1. There is the bright crown of virginity, with the distinguished privilege of more intimate union with Jesus in Heaven. “These are they who were not defiled with women; for they are virgins. These follow the Lamb whithersoever He goeth” (Apoc. xiv, 4).
2. There is also the glory of being seated, with Christ, on the judgment seat, when He will come in His Majesty on the clouds of heaven: they are to judge the world, rather than to be judged. Thus at least the Venerable Bede explains the promise made by Christ to His Apostles, which for a parity of reason, he extends to religious: “Amen I say to you that you who have followed me, in the regeneration, when the Son of Man shall sit on the seat of His Majesty, you also shall sit on twelve seats judging the twelve tribes of Israel” (St. Matth. xix, 28).
3. Another most valuable advantage of the religious life lies in the protection it affords against dangerous temptations to sin.
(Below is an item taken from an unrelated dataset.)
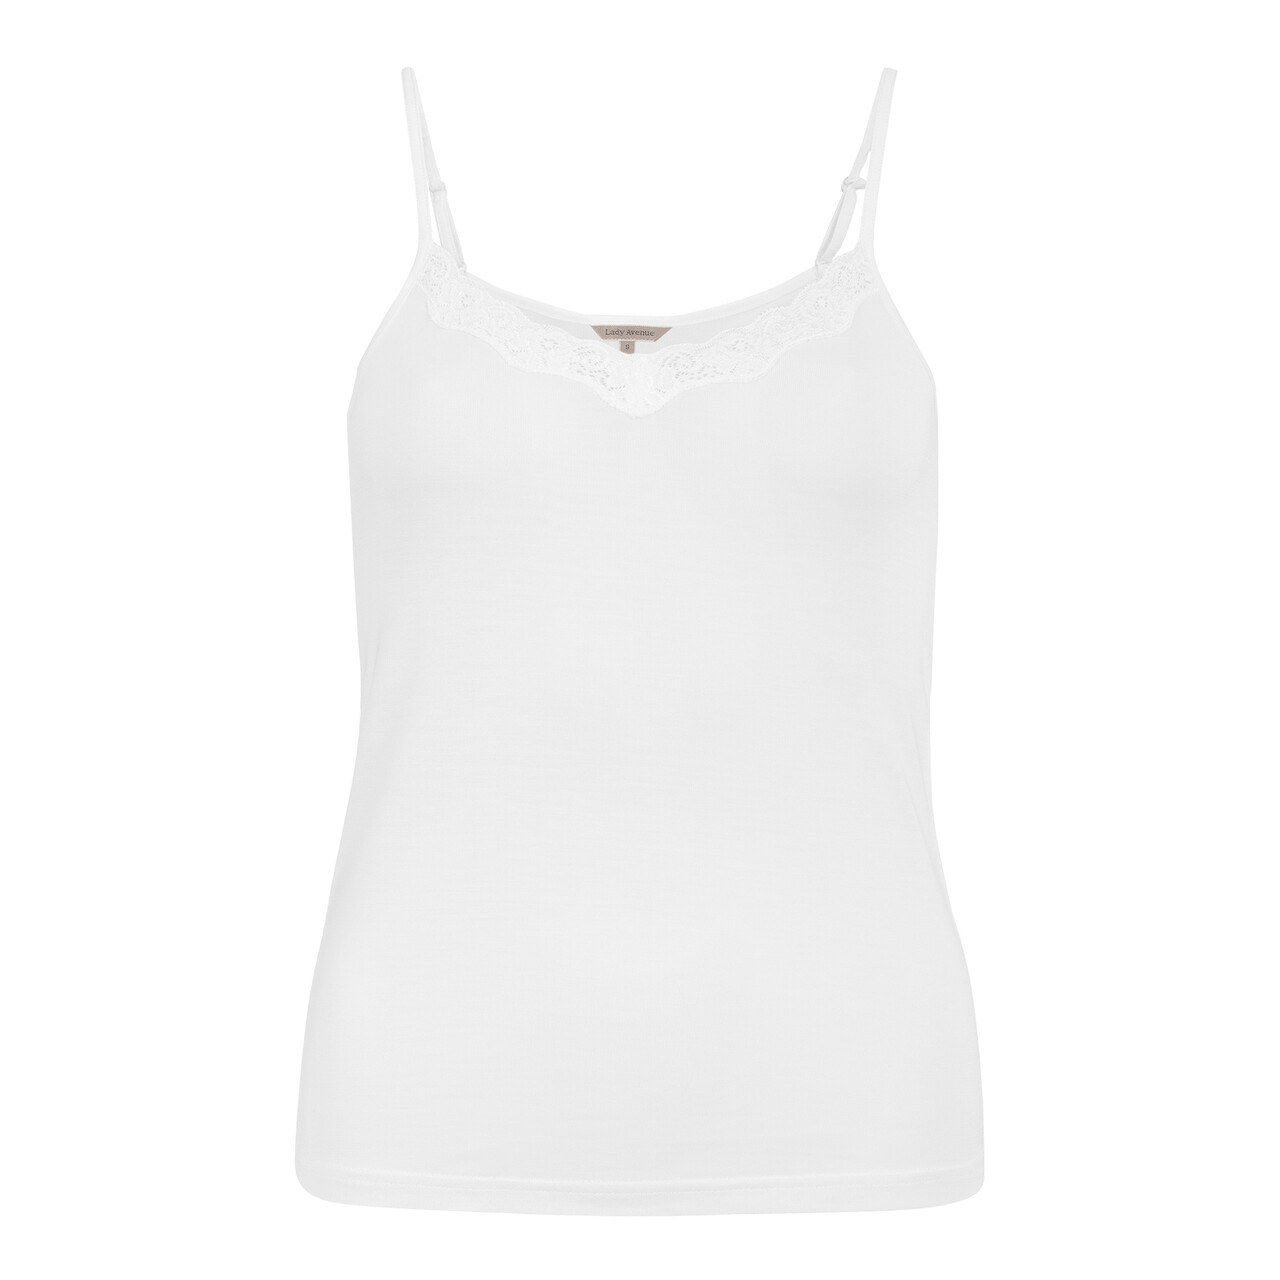 Se Lady Avenue Silk Jersey Camisole Top, Farve: Hvid, Størrelse: L, Dame hos Netlingeri.dk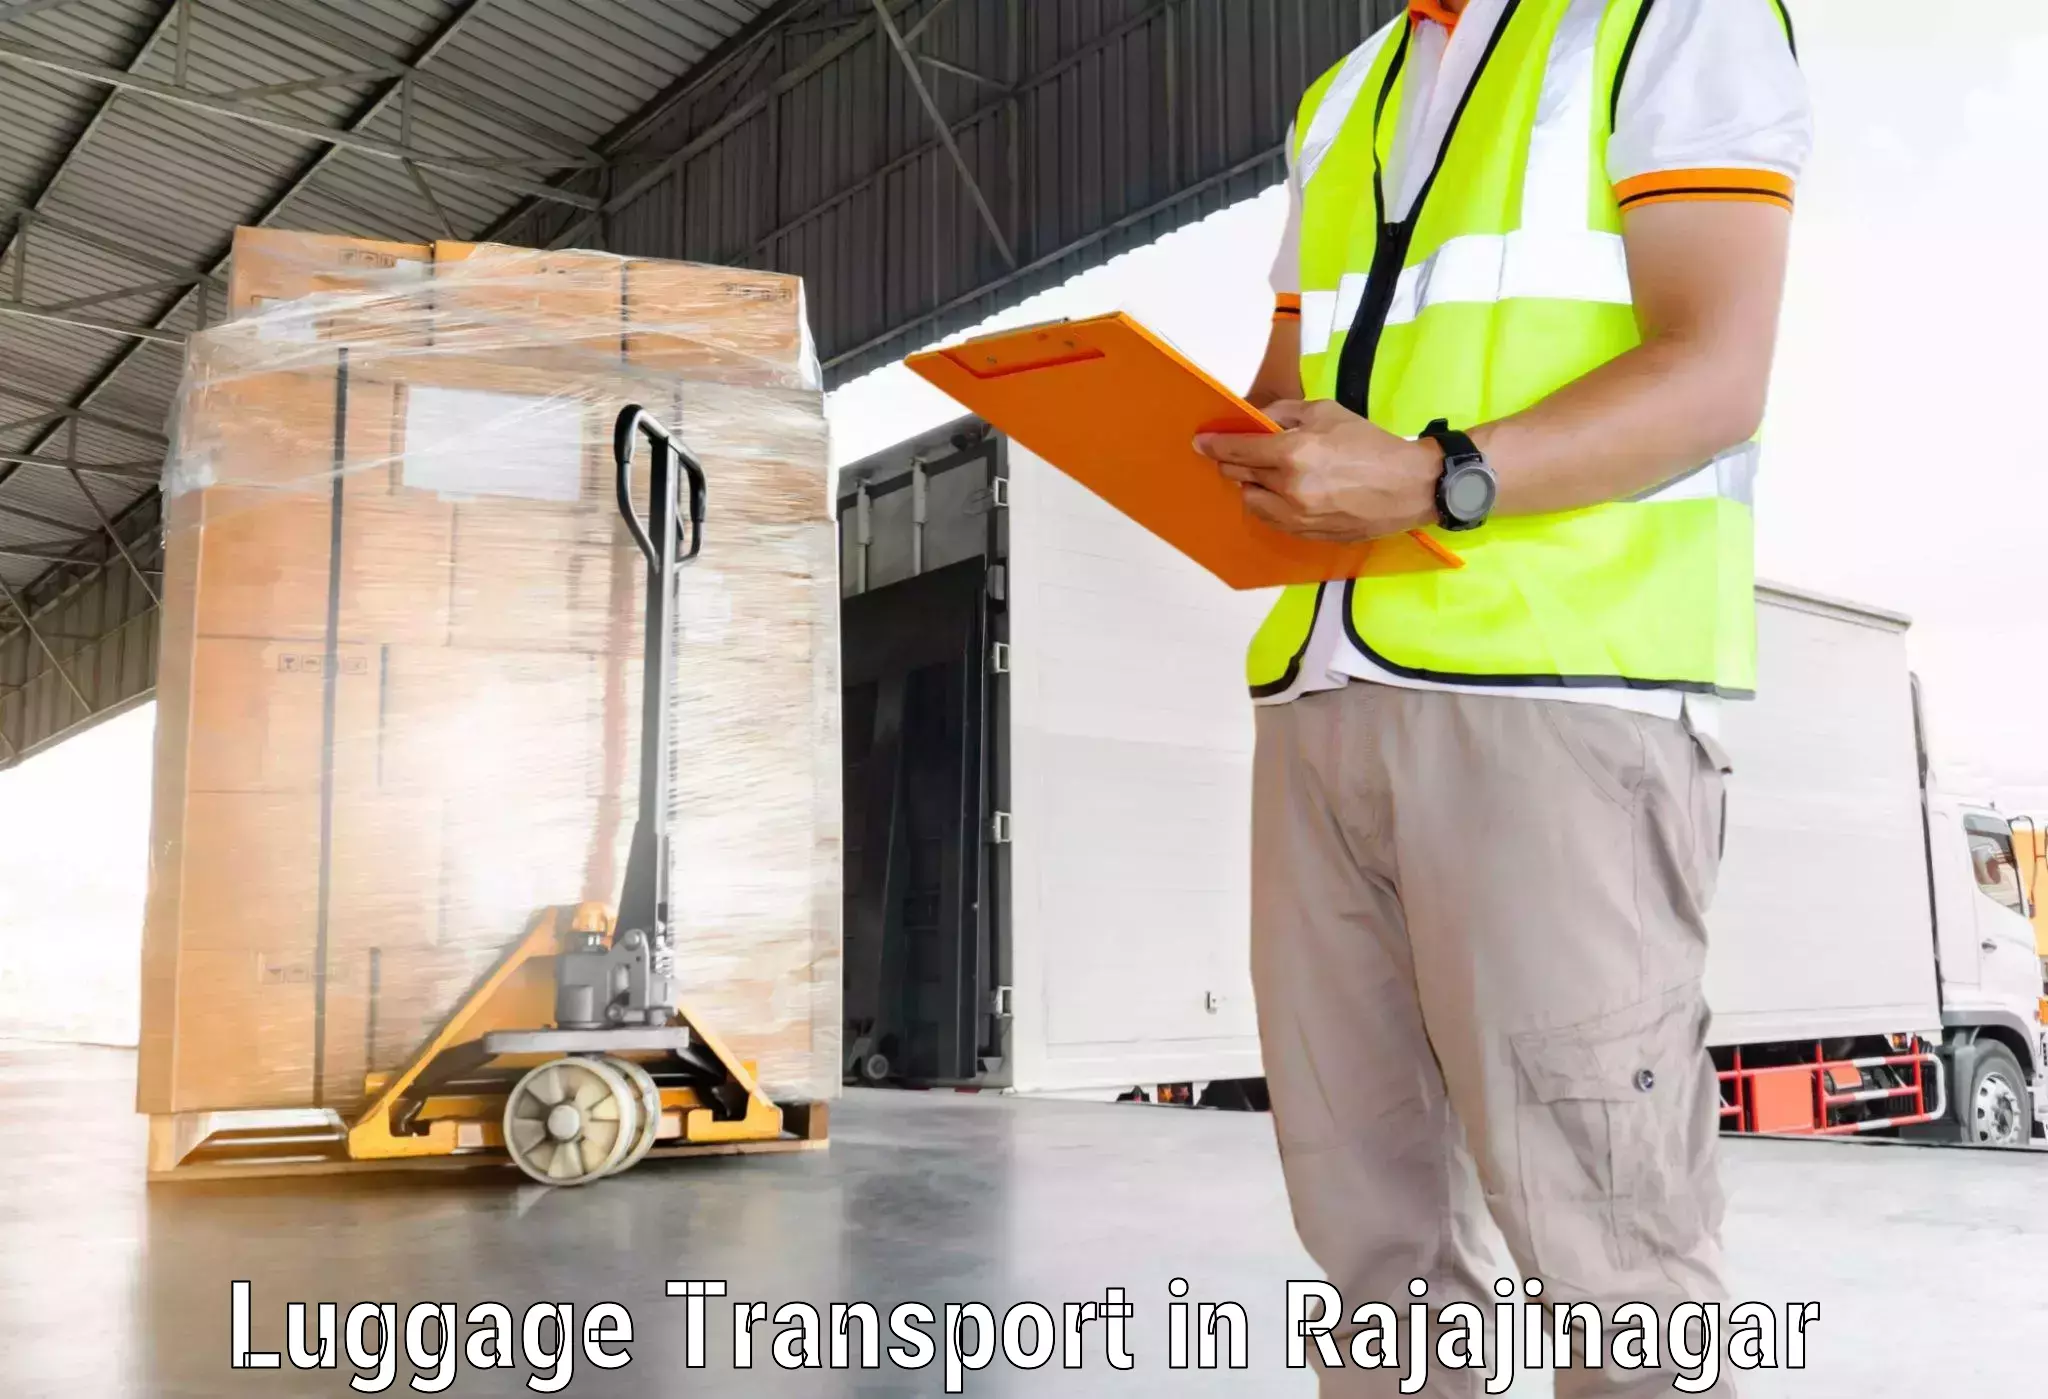 Professional baggage transport in Rajajinagar

True, as long as we live upon earth we may fall from grace, and forfeit, through our own grievous fault, the rich store of merit so far accumulated and our right to eternal bliss: “He that thinketh himself to stand, let him take heed lest he fall,” writes the Apostle (I Cor. x, 12). The best a man can do is to surround himself with such securities as lessen the assaults from without and strengthen the will within him. And such is undoubtedly the religious life. Its vows of poverty, chastity and obedience cut off the fiercest assaults of man’s triple enemy, the world, the Devil and the flesh; and its constant practices of piety and mortification provide a copious supply of Heavenly assistance to resist temptations.
Therefore St. Bernard draws this consoling picture of religion: “It is a state,” he says, “in which man lives with more purity, falls more rarely, rises more promptly, walks more securely, is more frequently bedewed with celestial graces, sleeps more peaceably, dies with more assurance, passes more quickly through Purgatory, and is more richly rewarded.”
IV
However, we must bear in mind that membership of a religious Order does not necessarily secure all those advantages, and that in the same Order they are obtained by different persons in very different degrees. The chief requisite to obtain them is to be a fervent religious. The more generous one shall show himself to God, says St. Ignatius, the more generous he shall find God towards him, and the more fit shall he daily be to receive in greater abundance His graces and spiritual gifts. The rapidity of our spiritual progress is not like that of travellers in a ship on the sea, all of whom advance at the same rate, whether they are walking or sitting or lying down; but our progress is like that of men travelling on a highroad, each of whom has his own rate of advancement according to his own efforts.
Thus St. Aloysius, St. Stanislaus and St. John Berchmans advanced further in a few months than most religious do in many years.
While we have perhaps broken strong bonds in tearing ourselves away from home and kindred, let us not be attached to little things; a slender silken thread is enough to keep a bird from gaining its liberty, and thus a little trifle may prevent us from soaring aloft to higher regions of sanctity. God fully deserves the love of our whole hearts, which are too small to be divided between Him and the things of earth.
Let us examine ourselves during this retreat, and see whether we are drawing all the profit we should from the rich treasury of our religious vocation.